**Aim of the task:**
Would you return the lines between the one holding "Timeless vintage jade and diamond bracelet!" and the one holding "Cheerful woman presenting", inclusive, and only those, exactly as they stand in the listing below?
*** Given data Section Begins ***
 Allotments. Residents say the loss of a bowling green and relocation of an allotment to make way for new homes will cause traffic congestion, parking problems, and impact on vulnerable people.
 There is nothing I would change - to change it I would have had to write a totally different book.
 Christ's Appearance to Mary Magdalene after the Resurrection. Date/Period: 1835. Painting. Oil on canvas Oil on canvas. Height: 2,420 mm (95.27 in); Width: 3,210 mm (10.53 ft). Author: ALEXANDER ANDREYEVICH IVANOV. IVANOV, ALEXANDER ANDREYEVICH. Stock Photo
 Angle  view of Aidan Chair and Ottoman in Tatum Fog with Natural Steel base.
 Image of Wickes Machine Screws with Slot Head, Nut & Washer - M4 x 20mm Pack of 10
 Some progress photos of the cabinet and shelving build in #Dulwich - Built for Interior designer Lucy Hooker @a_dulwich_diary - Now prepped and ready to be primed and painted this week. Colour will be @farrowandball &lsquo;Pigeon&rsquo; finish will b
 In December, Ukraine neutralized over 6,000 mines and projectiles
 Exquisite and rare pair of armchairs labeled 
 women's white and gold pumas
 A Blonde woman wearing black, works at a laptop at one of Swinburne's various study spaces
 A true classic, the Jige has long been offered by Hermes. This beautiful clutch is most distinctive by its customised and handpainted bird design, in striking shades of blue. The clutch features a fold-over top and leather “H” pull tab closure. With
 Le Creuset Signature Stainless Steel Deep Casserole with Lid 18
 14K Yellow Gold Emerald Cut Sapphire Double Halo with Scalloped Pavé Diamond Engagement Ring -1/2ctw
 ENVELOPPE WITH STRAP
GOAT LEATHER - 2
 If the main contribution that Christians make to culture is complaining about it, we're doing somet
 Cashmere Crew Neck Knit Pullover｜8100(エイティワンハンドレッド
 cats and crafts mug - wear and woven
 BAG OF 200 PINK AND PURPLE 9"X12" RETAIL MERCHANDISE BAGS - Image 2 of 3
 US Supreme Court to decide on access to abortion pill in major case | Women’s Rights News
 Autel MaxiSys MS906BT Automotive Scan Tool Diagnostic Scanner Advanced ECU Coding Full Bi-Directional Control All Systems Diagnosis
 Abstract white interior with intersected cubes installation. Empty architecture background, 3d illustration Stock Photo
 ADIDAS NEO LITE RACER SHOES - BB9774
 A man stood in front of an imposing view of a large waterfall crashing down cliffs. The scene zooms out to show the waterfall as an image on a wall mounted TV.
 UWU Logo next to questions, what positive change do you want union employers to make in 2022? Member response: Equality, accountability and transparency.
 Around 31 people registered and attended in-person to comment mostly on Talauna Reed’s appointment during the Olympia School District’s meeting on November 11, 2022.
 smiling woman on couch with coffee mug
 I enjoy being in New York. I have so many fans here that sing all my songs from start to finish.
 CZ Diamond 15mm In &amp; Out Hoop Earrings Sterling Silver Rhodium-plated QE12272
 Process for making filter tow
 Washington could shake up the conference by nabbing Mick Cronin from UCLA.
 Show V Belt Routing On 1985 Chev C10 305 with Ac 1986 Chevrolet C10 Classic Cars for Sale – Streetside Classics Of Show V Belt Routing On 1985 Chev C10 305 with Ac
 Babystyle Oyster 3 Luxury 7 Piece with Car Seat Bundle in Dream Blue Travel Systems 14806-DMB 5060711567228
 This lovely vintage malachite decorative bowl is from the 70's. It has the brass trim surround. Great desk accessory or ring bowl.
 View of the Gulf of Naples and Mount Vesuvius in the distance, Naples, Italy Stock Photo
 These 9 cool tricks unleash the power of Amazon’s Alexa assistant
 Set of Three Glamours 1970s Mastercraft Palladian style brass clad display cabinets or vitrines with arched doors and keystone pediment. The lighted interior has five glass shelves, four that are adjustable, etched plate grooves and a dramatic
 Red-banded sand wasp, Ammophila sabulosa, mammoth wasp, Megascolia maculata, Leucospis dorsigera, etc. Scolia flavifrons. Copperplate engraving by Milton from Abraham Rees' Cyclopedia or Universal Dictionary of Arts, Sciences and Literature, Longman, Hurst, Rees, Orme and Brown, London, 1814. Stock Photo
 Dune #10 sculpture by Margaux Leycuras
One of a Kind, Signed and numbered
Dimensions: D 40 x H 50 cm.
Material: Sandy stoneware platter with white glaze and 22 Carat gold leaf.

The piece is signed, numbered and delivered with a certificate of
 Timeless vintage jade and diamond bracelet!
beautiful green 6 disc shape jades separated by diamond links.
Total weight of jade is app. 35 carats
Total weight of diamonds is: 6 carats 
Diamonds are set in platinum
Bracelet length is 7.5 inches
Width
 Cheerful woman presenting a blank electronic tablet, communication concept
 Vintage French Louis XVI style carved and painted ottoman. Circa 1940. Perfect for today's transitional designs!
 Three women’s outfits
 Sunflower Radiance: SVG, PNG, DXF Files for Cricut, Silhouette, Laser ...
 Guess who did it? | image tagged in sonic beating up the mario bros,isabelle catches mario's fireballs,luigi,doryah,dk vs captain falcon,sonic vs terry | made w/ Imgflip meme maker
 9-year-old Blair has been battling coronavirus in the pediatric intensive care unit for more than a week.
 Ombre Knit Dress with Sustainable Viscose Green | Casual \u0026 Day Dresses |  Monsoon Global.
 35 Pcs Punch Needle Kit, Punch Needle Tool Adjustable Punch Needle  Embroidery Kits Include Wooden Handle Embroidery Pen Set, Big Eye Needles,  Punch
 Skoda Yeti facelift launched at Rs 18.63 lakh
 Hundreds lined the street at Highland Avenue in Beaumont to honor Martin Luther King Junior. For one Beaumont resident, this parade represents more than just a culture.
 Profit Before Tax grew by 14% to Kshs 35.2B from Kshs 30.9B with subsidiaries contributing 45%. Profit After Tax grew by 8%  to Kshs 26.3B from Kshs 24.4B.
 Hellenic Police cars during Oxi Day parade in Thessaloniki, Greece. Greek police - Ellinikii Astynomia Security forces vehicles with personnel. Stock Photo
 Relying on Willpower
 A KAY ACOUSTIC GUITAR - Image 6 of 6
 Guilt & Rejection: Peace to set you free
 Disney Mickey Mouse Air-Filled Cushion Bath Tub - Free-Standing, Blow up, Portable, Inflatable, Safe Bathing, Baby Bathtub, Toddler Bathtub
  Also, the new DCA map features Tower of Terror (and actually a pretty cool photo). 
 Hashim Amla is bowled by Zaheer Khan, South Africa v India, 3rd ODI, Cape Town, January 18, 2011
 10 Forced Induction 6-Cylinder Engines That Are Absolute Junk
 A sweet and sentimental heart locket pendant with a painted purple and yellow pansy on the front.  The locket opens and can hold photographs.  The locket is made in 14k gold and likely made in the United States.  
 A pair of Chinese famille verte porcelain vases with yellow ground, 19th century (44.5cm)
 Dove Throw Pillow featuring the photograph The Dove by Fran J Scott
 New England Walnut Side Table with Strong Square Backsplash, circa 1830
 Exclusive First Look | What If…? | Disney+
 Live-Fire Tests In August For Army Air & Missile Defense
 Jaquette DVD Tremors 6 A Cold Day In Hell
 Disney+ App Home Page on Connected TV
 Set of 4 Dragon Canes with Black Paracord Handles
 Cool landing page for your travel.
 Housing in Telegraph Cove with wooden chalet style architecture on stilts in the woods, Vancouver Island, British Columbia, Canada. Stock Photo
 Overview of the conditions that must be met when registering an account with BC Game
*** Given data Section Ends ***
**Result for this exercise:**
 Timeless vintage jade and diamond bracelet!
beautiful green 6 disc shape jades separated by diamond links.
Total weight of jade is app. 35 carats
Total weight of diamonds is: 6 carats 
Diamonds are set in platinum
Bracelet length is 7.5 inches
Width
 Cheerful woman presenting a blank electronic tablet, communication concept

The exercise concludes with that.